Navigating the return to “normal”

It’s hard to believe that it’s been over a year since the world was rocked by the arrival of COVID-19 and the life changes that came with it. Seemingly overnight, our lives came to a screeching halt, causing fear, anxiety, panic, isolation, and a feeling of loneliness that many people had never felt before. For those individuals already dealing with depression, it brought with it even bigger challenges. 

Without warning, the entire world had to figure out how to survive the unknown. We had no idea how long it would be before life as we knew it would return. In the beginning, we thought it might be weeks. But weeks turned to months, and at one point, we were warned it could be years before we could safely spend time with others without fear of contracting a virus that was killing thousands. 

So we stayed home. We awaited instructions. We canceled weddings, and we mourned alone. We figured out how to teach our children, and do our jobs, and get our groceries, and stay in touch with loved ones with as little human contact as possible. 

But now, more and more, we’re seeing the world return to “normal.” As more people get vaccinated and the world reopens, you may find yourself asking yourself: now what? What does this mean for me? Furthermore, you may find yourself unable to identify exactly how you feel about it. It’s not unusual for anxiety and excitement to go hand in hand, and in this particular situation, it makes perfect sense to be feeling both things simultaneously. 

It’s important to understand that there’s no right or wrong way to feel about what’s coming next. For many people, being shut away from the world brought a sense of relief. The pressures of being social, visiting with toxic family members, working outside of the home, and maintaining a busy schedule came to a halt with the announcement of quarantine, remote learning and working, and social distancing. 

As things open back up, it’s natural to feel apprehensive about things. Even those who enjoyed the hustle and bustle of a busy life, might feel overwhelmed at the thought of going back to in person work. People who loved large and noisy social gatherings might find themselves nervous about seeing even smaller groups of people after so long.   Or maybe the thought of accepting a hug from a friend or family member—even if it would have come naturally to you before—might have you feeling anxious and confused. Wondering if your friends and family have changed, or if things will be the same, and if you’ll still feel comfortable around the people and in the situations you used to, are all very real and valid concerns. The unknown can be scary, even if you’re also excited about what might come of it. 

If you’re unsure about how you feel, or you’re overwhelmed and anxious about what’s going to happen next, you’re not alone. And you don’t have to take the next steps alone, either. Start small. Take a walk with a friend. Someone you can confide in her that even though you’re excited to see her, and others, that you’re also feeling scared and anxious. Ease back into in person work, if your employer will allow it. Don’t be afraid to enjoy the little things that you DO feel excited about. It doesn’t have to be either/or. You can feel both excited and anxious about returning to normalcy! 

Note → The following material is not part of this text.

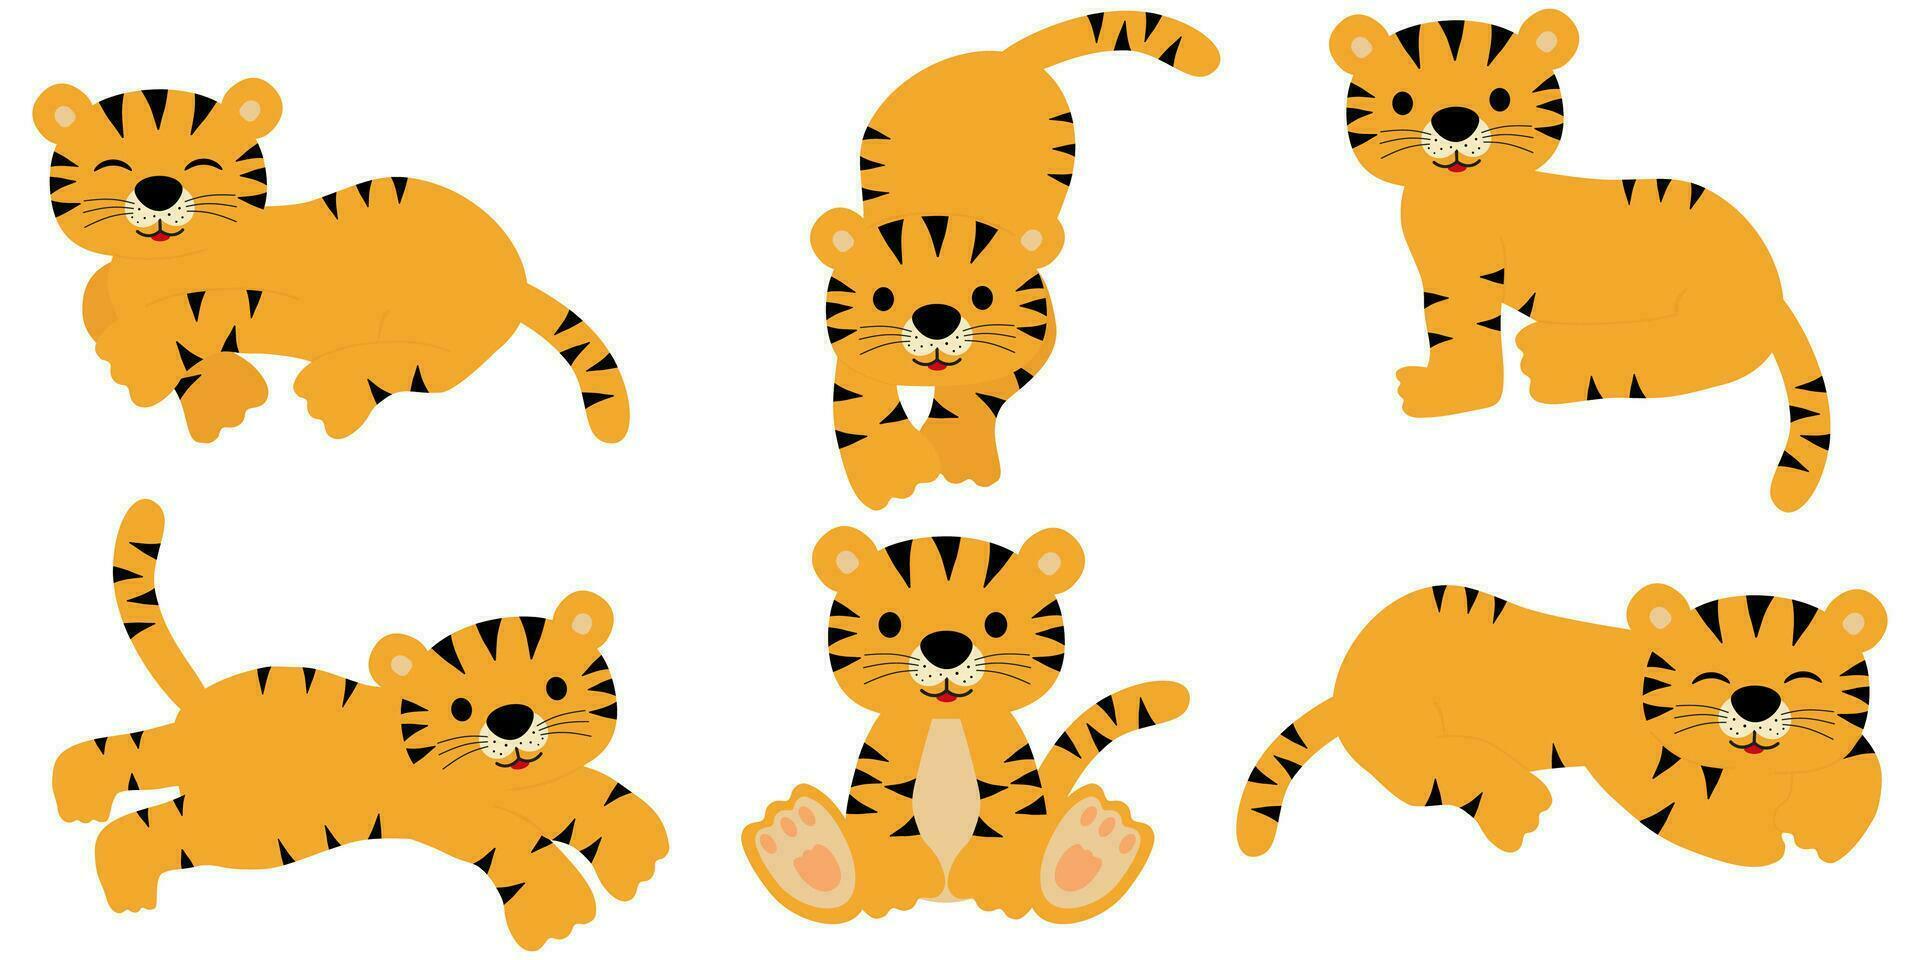 reeks van schattig tijger in verschillend poseert. de tijger staat, leugens, gaat, zit, slaapt, sprongen. vector illustratie

Most importantly, process these thoughts and feelings with your therapist. Engaging in therapy during this time is just as important as when the pandemic first began. Having someone to listen to your concerns and help you figure out coping strategies for handling what comes next is one of the best ways to make sure you’re prepared mentally and emotionally. Even good change can be overwhelming, and it never hurts to have extra help during times of transition!